With everything that is happening around the Trump inauguration and all that it seems to be encompassing, I think one thing that needs to be addressed is our language. The Right Wing has been using language that includes “secret” messages, otherwise known as “dog whistles,” for some time. We know that language is very important in conveying our ideas. We know that language can be perverted to serve particular political endeavors. We know that language is the basis of how we communicate with one another.
Language is important. Which is why I feel the need to bring it up as we move into the Trump era of disinformation and miscommunication. We need to change how we approach what messages Trump and his cronies employ when they speak to us. We need to call out misogyny whether it is overt or covert. We need to call out bigotry whether it is overt or covert. We need to call out lies whether they are overt or covert, whether the “news media” is being called upon to “spin” a “message.”
Most importantly, we need to shift how we, ourselves, use language. I’ve read many posts here at DKos where gender is used to draw a line between the “powerful” and the “impotent.” I think we all read or heard about Trump getting upset that he was Time’s “Person of the Year,” rather than “Man of the Year.” It is important for us to remember that not everyone delineates gender the same way. “Person of the Year” is an appropriate title for Time’s piece because it is inclusive of every person, not just those who happen to be male or identify as male or otherwise are viewed “male” in the traditional sense of the word.

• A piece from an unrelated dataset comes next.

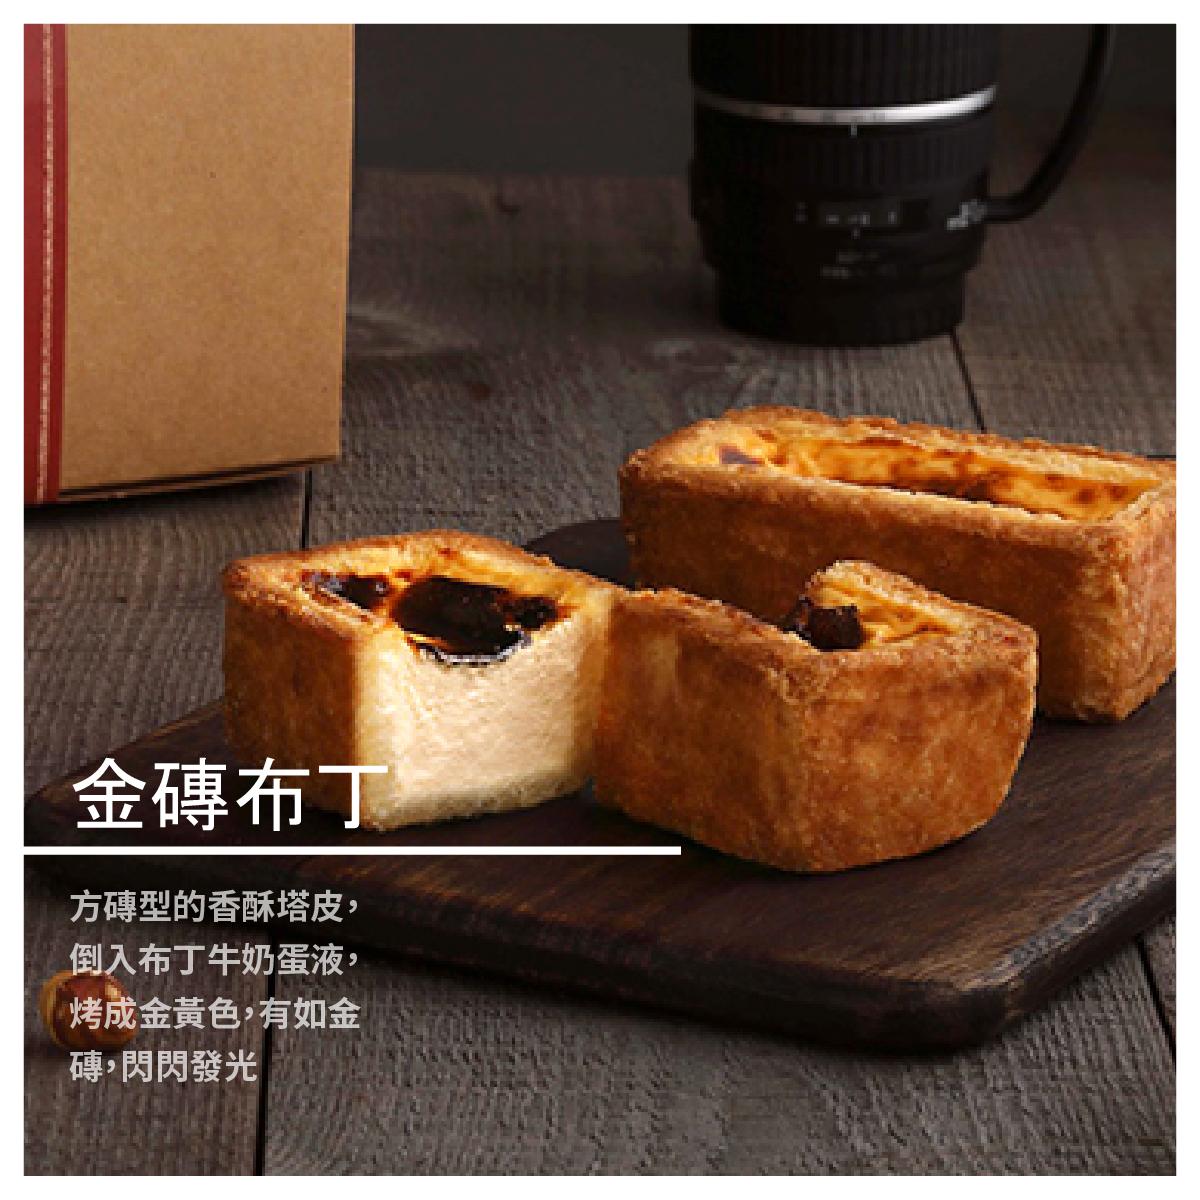 【影咖啡】金磚布丁6入/盒

A person could refer to anyone, male or female, because who really cares if a powerful speaker is male or female? Who really cares if an inspirational person is male or female? The question we should ask ourselves is why is gender so important for how we view someone?
We are moving into a reinvented time of “Making (Privileged, White, Male) America Great Again.” The language with which we use to define this new era also needs to reflect that not every one of us agrees that a movement backwards is a good thing. So, why does gender play such a big role in our language now?
The transgender community made important steps forward under the Obama Administration. This community was vocal and adept at bringing forward the ideas of gender fluidity, of gender identity and the idea that the binary view of “male” and “female” may be an outdated way of talking about the world around us. This community also has allowed us to play with the idea of placing less emphasis on a person’s gender and more emphasis on what important persons in our public sphere do without the “male” and “female” titles dragging them down when one particular gender is “ranked” above another.
In the last few weeks, I have heard more reporters and writers add the labels of “male” and/or “female” (“man” or “woman”) when describing public characters. It concerns me that this shift in language will lead to more divisions between “male” (good, positive, powerful, dominant) and “female” (less good, less positive, pusillanimous, submissive), not only in how we view the world around us, but also in how we describe the world around us. I have seen a hardening of the idea of “maleness” and how that is supposed to be a “good” thing, how “masculinity” is being used as a weapon to subjugate those seen as “not masculine,” and how we, as a society, are moving toward the old gender stereotypes of “man, powerful,” “woman, weak.”
From my own experiences walking through public, I have noticed a definite change in how I am perceived and how I am treated. When I am perceived as male, my opinion counts a lot, my voice is heard and my requests are quickly responded to by those who view me as male. When I am perceived as female, my opinions are ignored or denigrated, my voice is lost and my requests are not really taken seriously. This troubles me deeply. I am an equal citizen in our society of equals. Whether I am male or female should not matter when opinions are being shared or discussed, my voice should carry the same weight whether those around me see me as male or female, my requests should be honored equally, no matter the plumbing between my legs. (I should note that I am female, but androgynous enough to pass as either male or female. I should further note that I am not bothered when someone confuses me for male, because I realize that in that person’s world view, male is considered to be “more” than female and that that person is trying to afford me a “higher” place in his/her mind. I am neither condoning or condemning this world view, just stating a fact.)
As we move deeper into the Trumperian Era (we have “TP’d” the White House), we need to continue to be mindful of our language, how others use language to describe their world views and we need to not regress our language to fit into their “reality.” We need to continue to use our language of inclusion, we need to remind others that language really does matter and, most of all, we need to remember that Newspeak and thought crimes are not real . . . yet.